What is the algorithm called for the increase in how many times you will roll successfully as you decrease the chances for failure

Question

Let's say you have a 20 sided dice and every side is considered bad, but each time you roll a bad side it will no longer be bad for future rolls.
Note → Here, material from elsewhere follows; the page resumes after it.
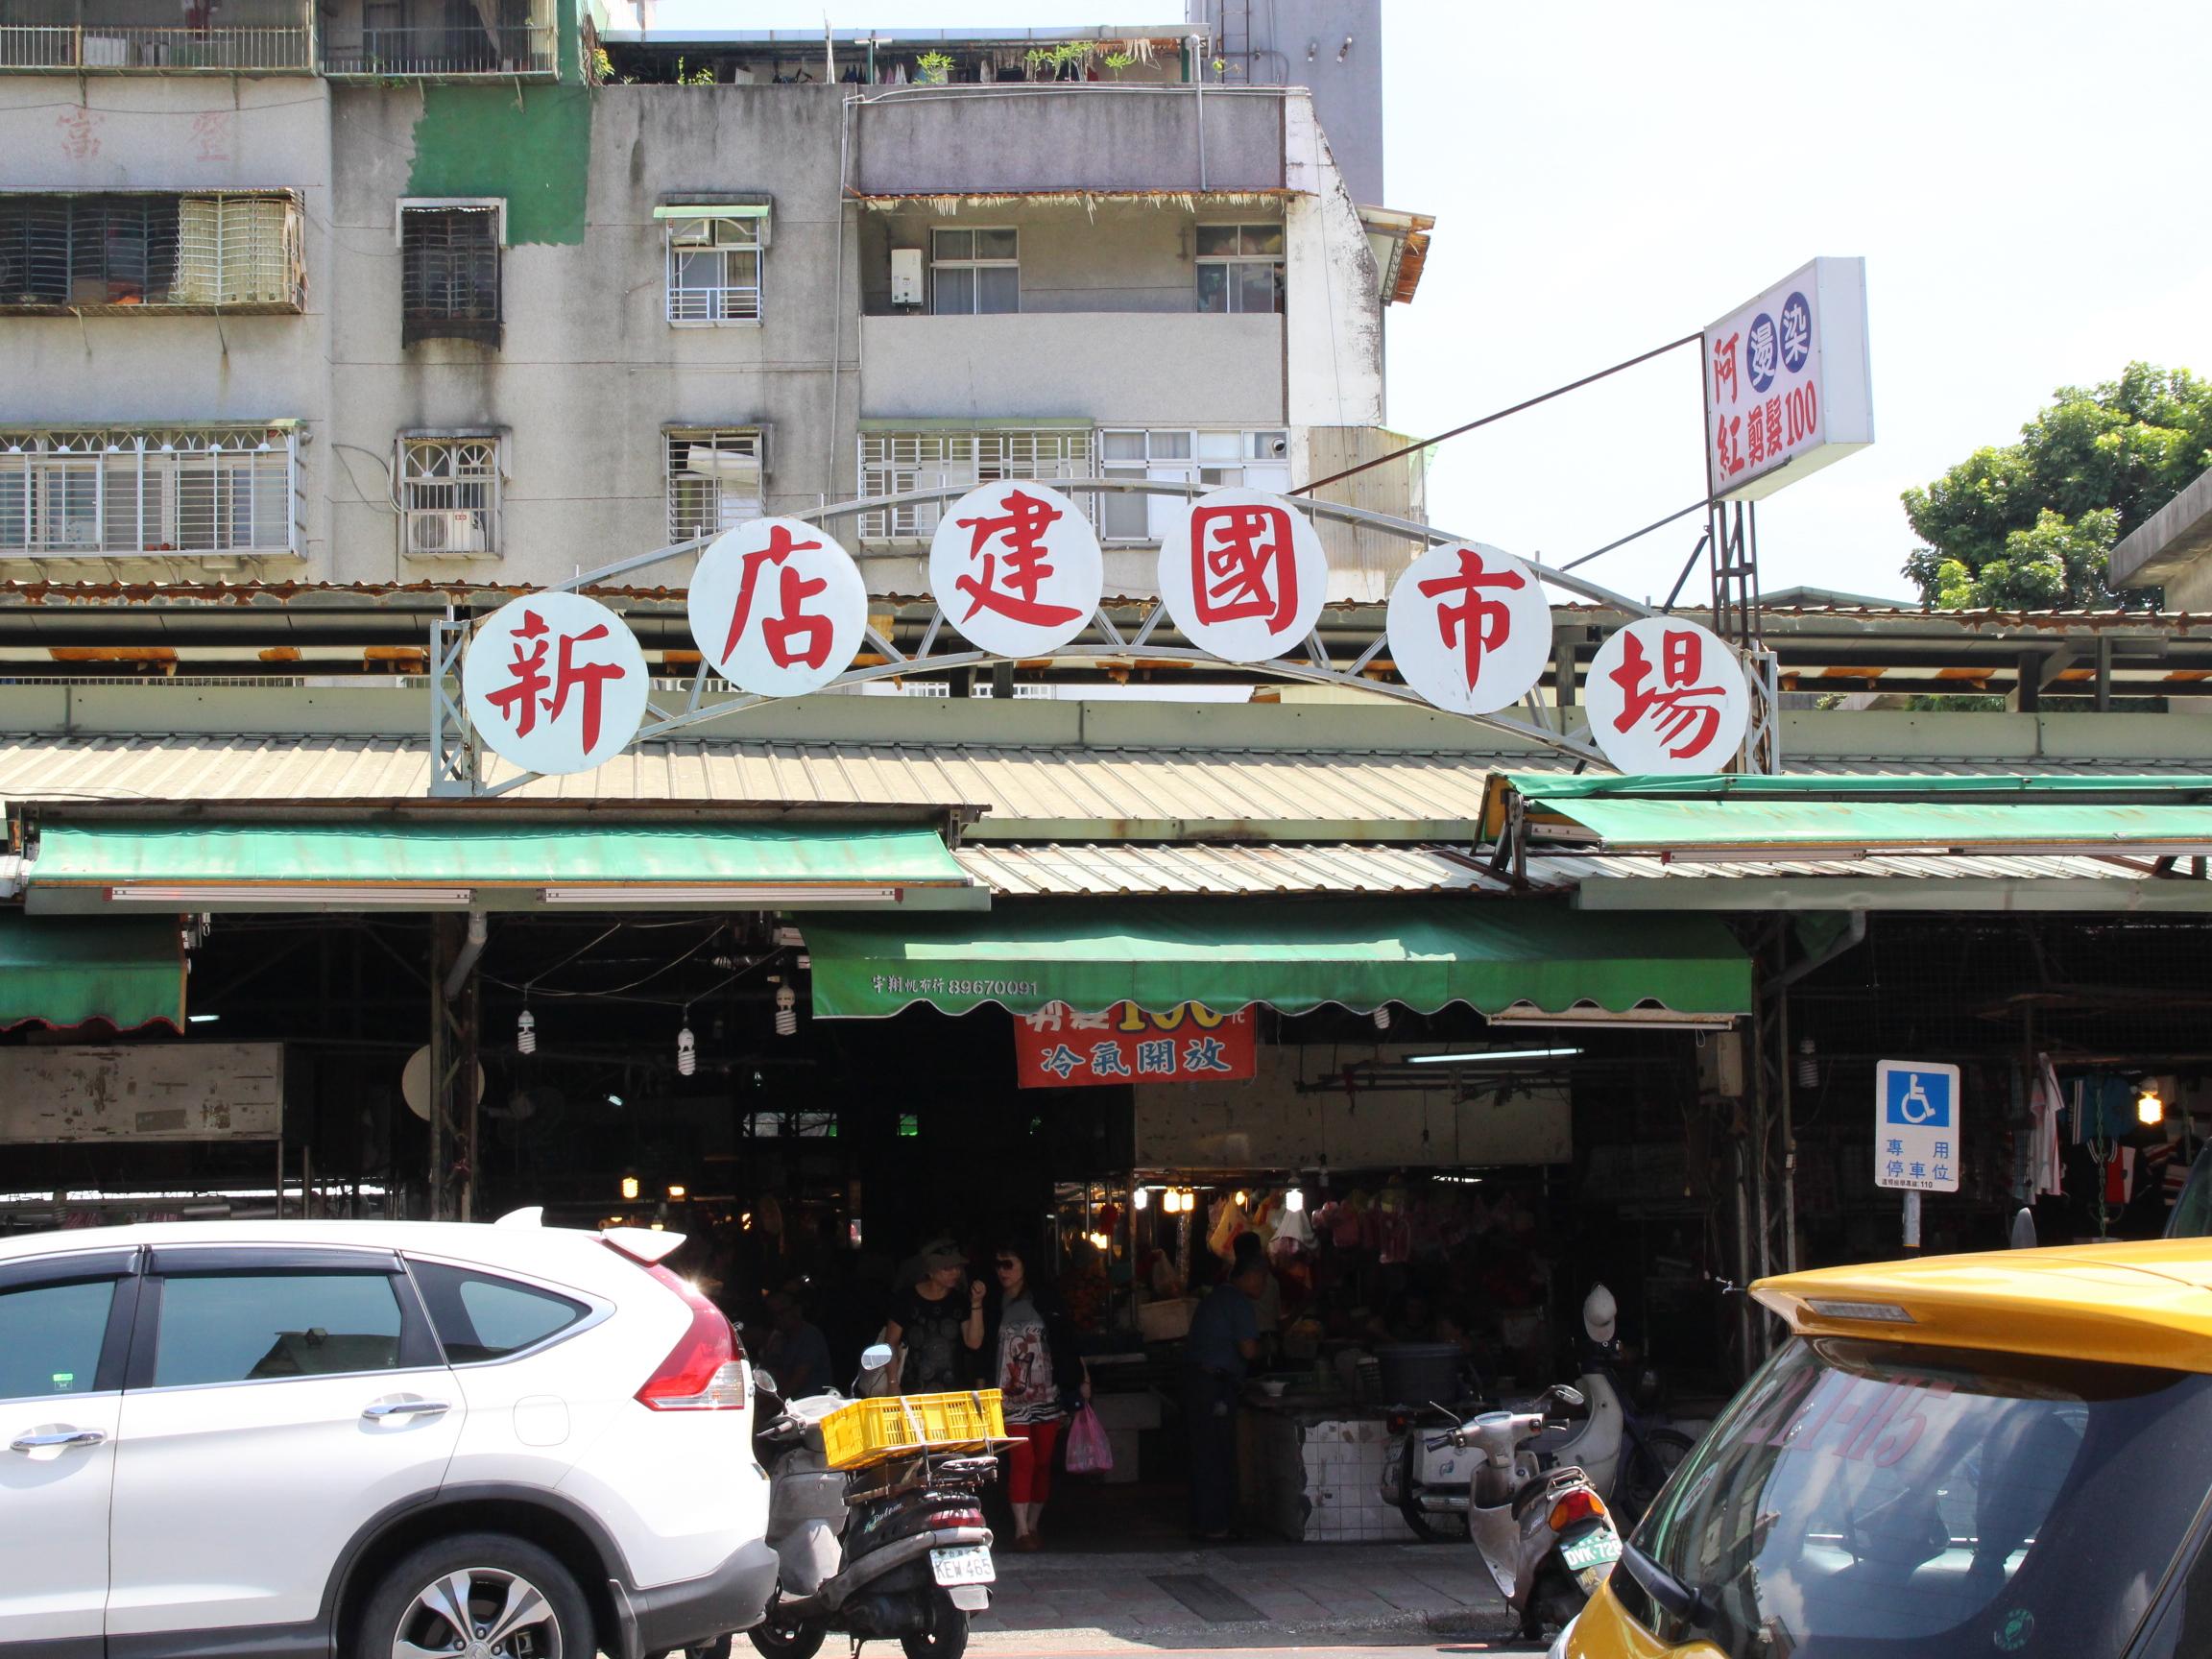 建國市場為地區主要傳統市場,營業時間從上午六點至下午四點。 攝影/林冠宇

I am looking for the mathmatical term for the scale of increase on the expected amount of times you will be able to roll success as bad sides are removed

Answer 1

You are looking at the distribution of the count for rolls of a twenty sided dice until some number appears a second time.   Who knows what this is called, but anyway:

Let $X$ denote this random variable.   The event $\{X=k\}$ is that of showing some permutation of $(k-1)$ distinct numbers, followed by a repetition of one of these.   There can be between at least $2$ and at most $21$ rolls before some number is encountered a second time.   Thus:

$$\begin{align}\mathsf P(X=k) ~=~& \left(\frac {{^{20}{\rm P}_{k-1}}}{20^{k-1}}\right)\dfrac{(k-1)}{20}~\mathbf 1_{k\in\{2,..,21\}} \\[1ex] =~& \dfrac{20!~(k-1)}{(21-k)!~20^k}~\mathbf 1_{k\in\{2,..,21\}} \\[3ex] \mathsf E(X)~=~&\dfrac{4027894135040576041}{640000000000000000} ~~\approx~~6.{\small 2\tiny 9}\end{align}$$